WHAT THE TASK ASKS ▸
Repeat the listing below exactly. Pictures do not belong in the copy.

-- MATERIAL PROVIDED follows --

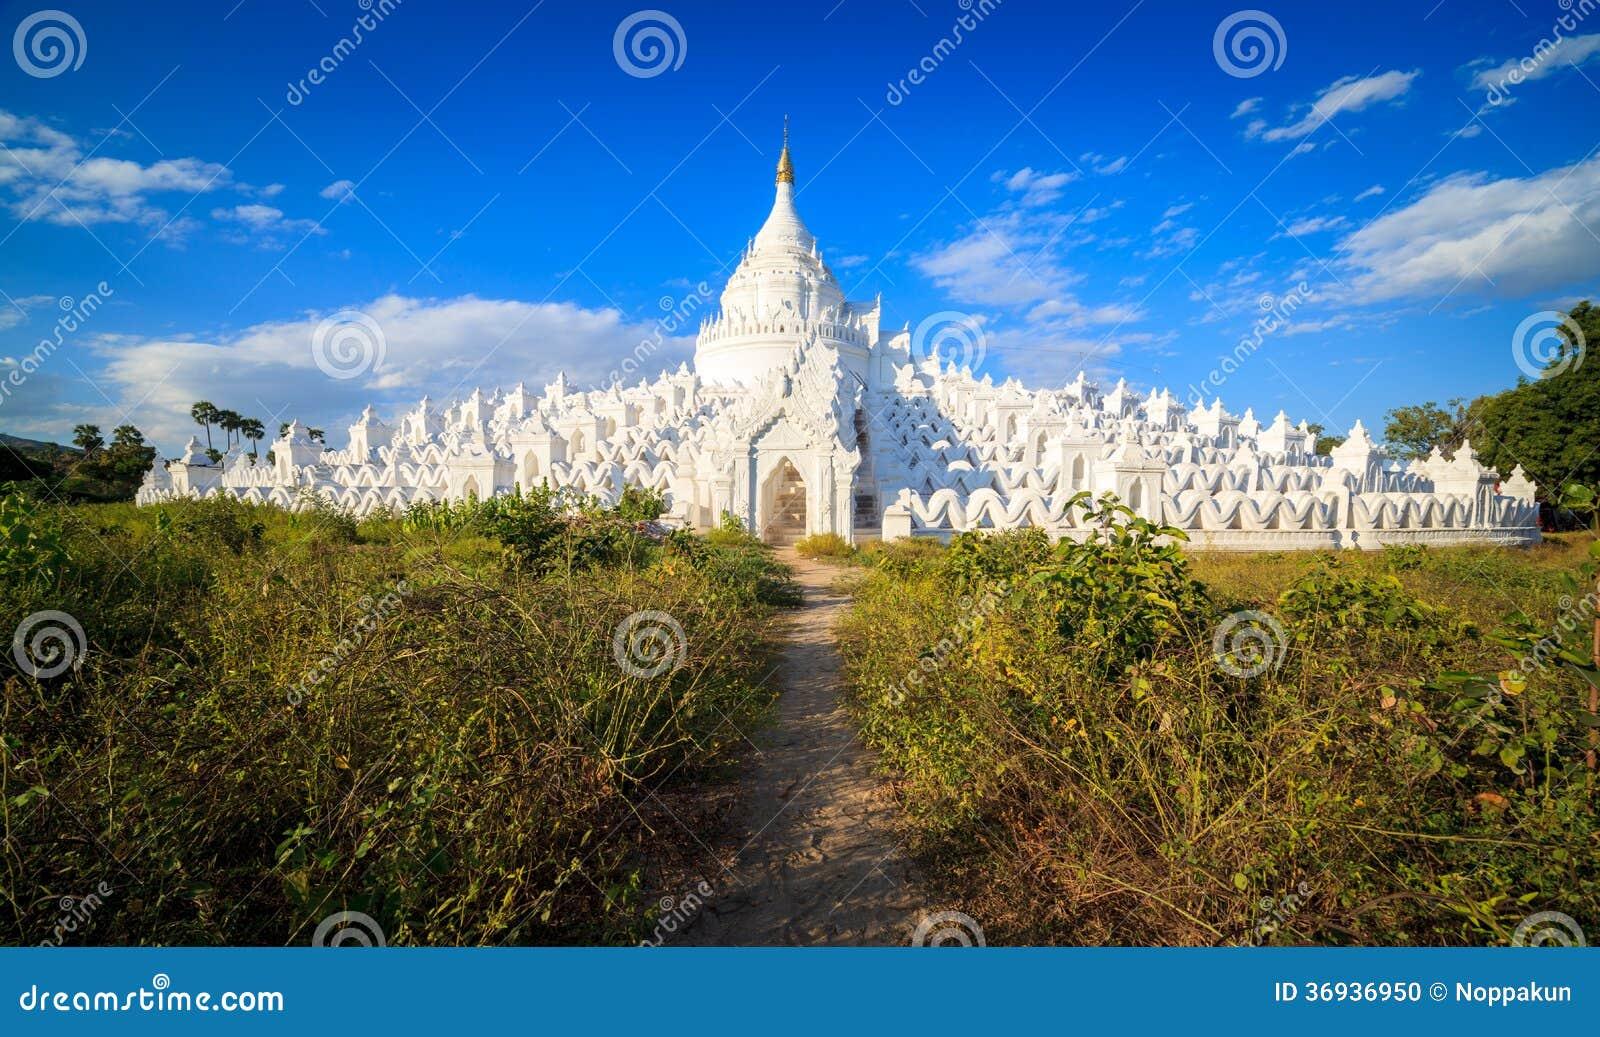 Panorama Hsinbyume pagoda, Mingun, Mandalay, Myanmar
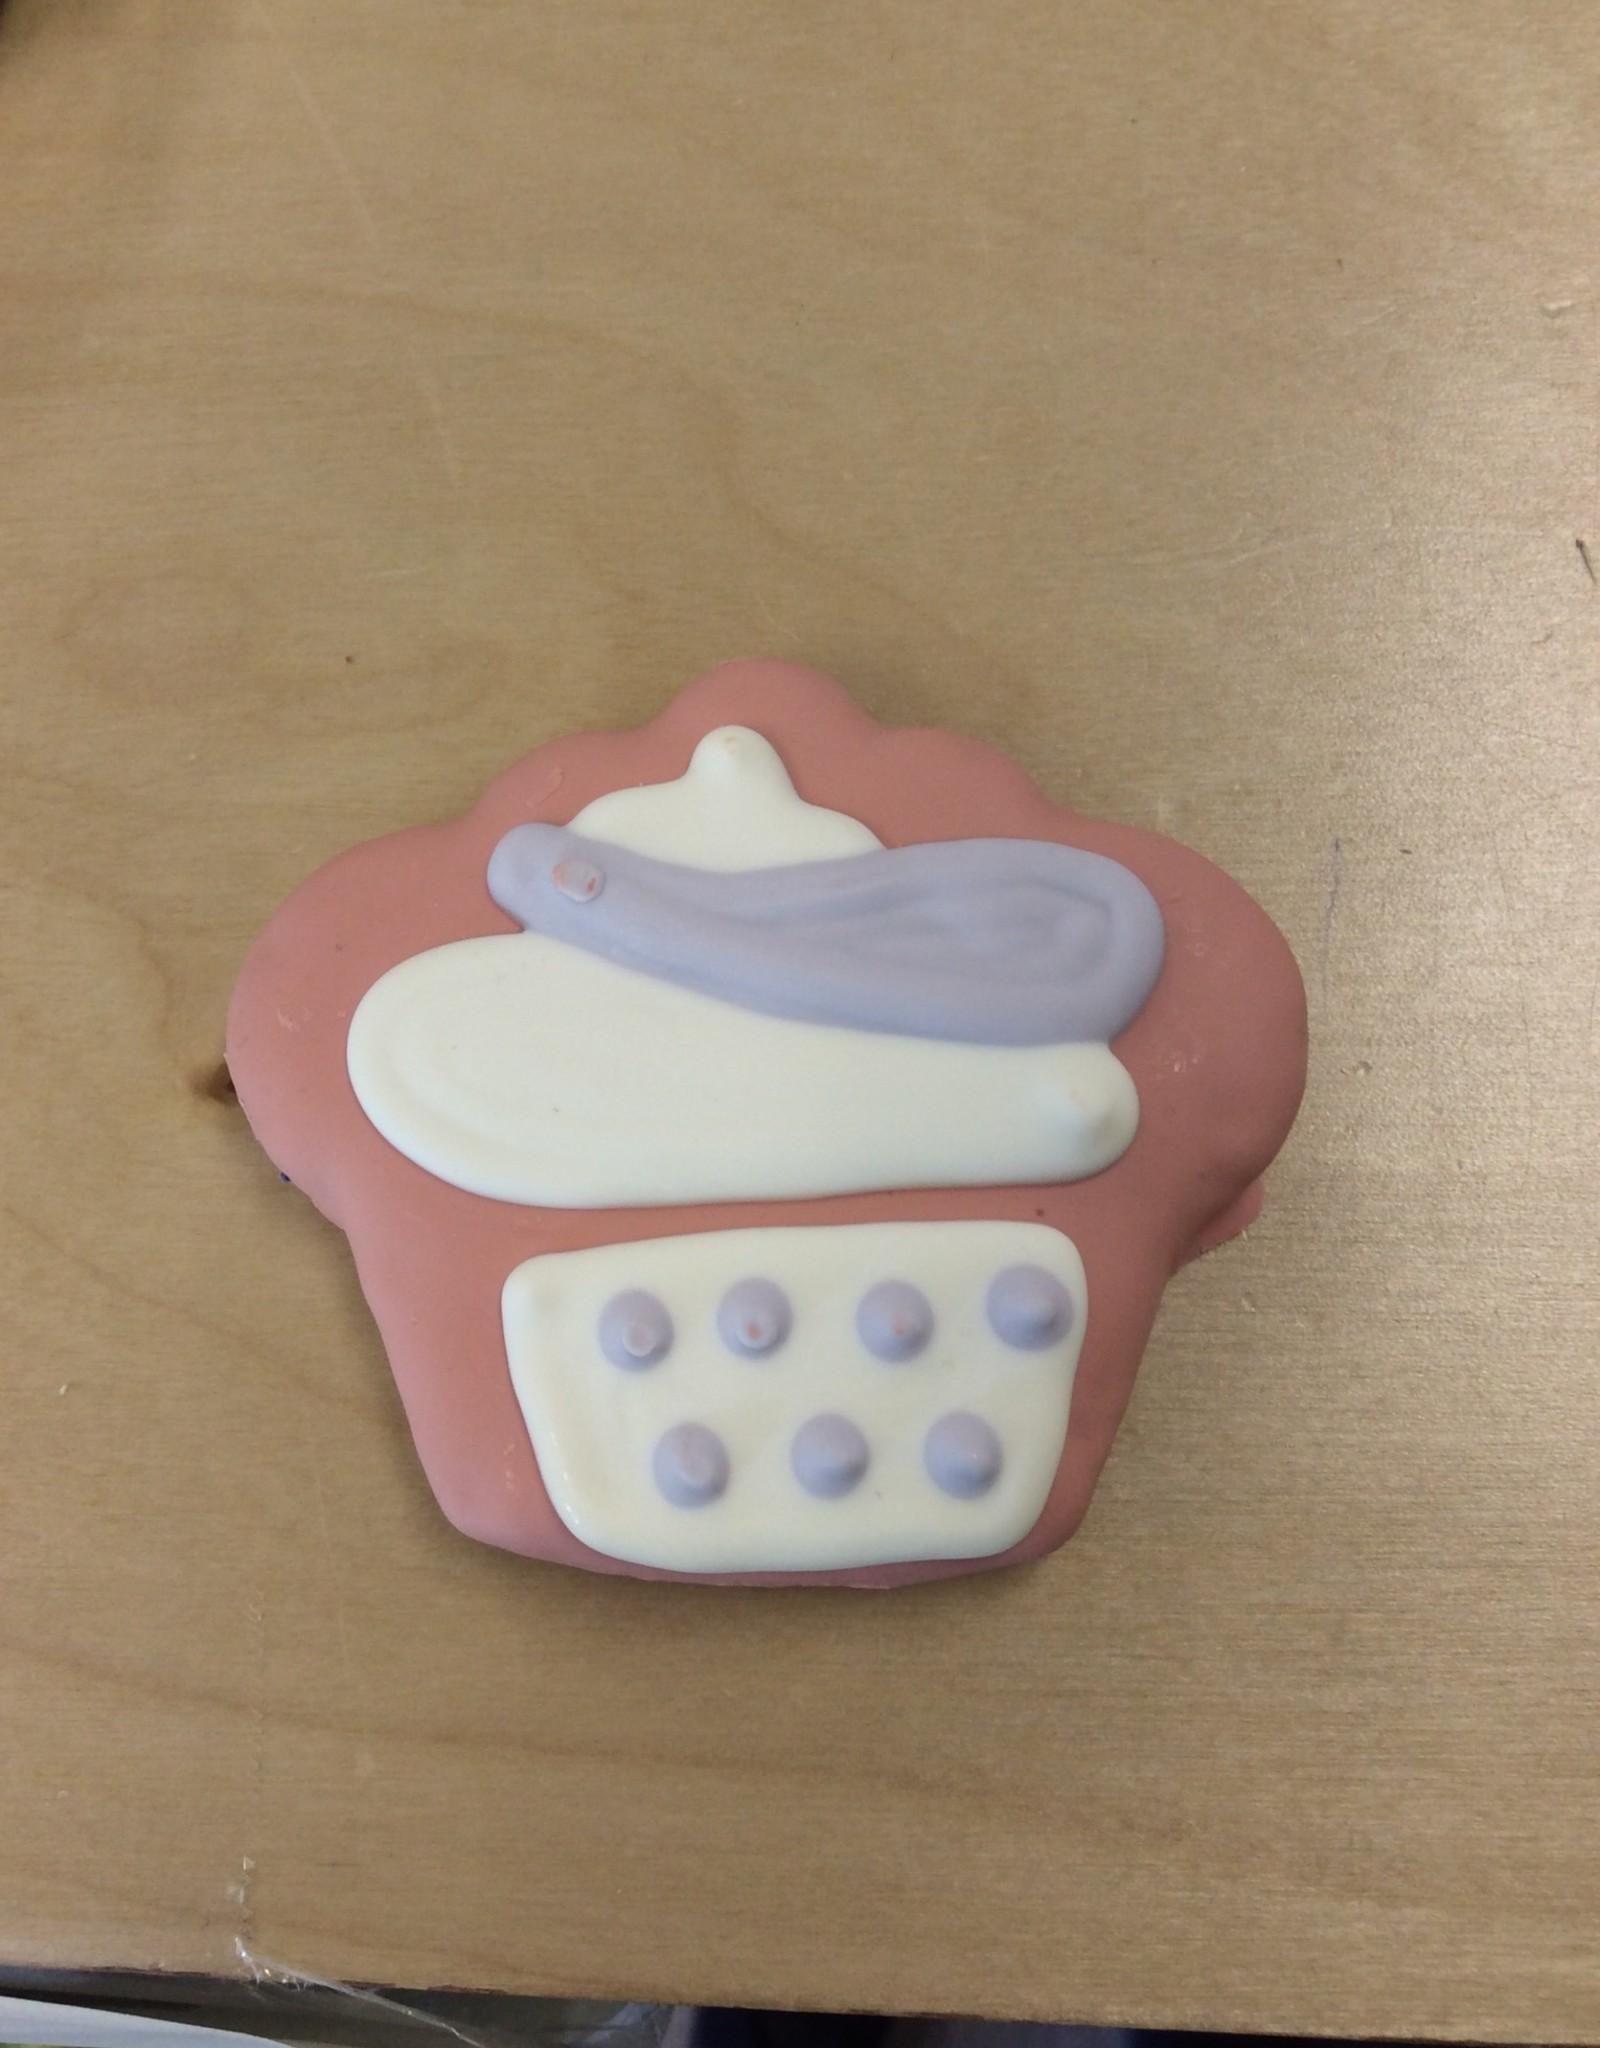 Bosco and Roxy Cupcake Cuties Cookie
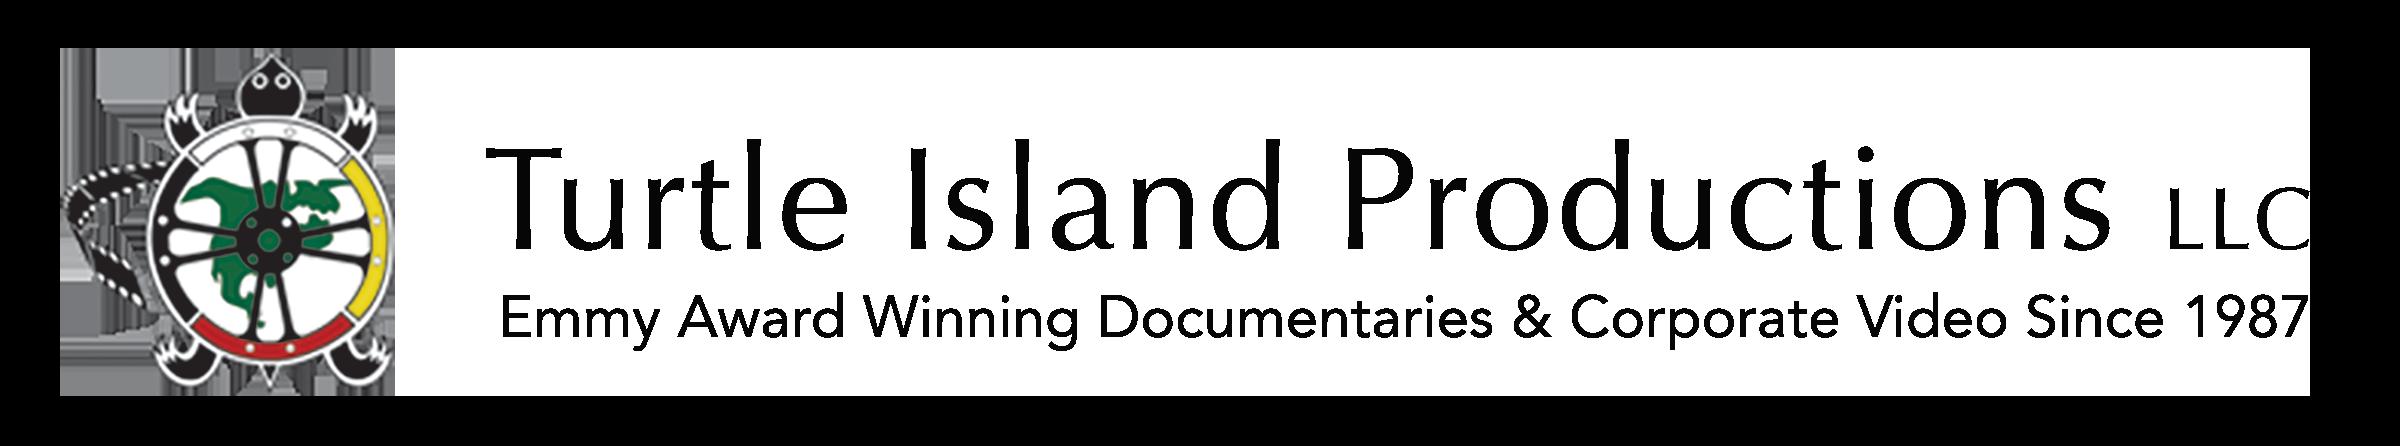 Turtle Island Productions LLC

-- MATERIAL PROVIDED concluded --

TASK OUTPUT ▸
 Panorama Hsinbyume pagoda, Mingun, Mandalay, Myanmar
 Bosco and Roxy Cupcake Cuties Cookie
 Turtle Island Productions LLC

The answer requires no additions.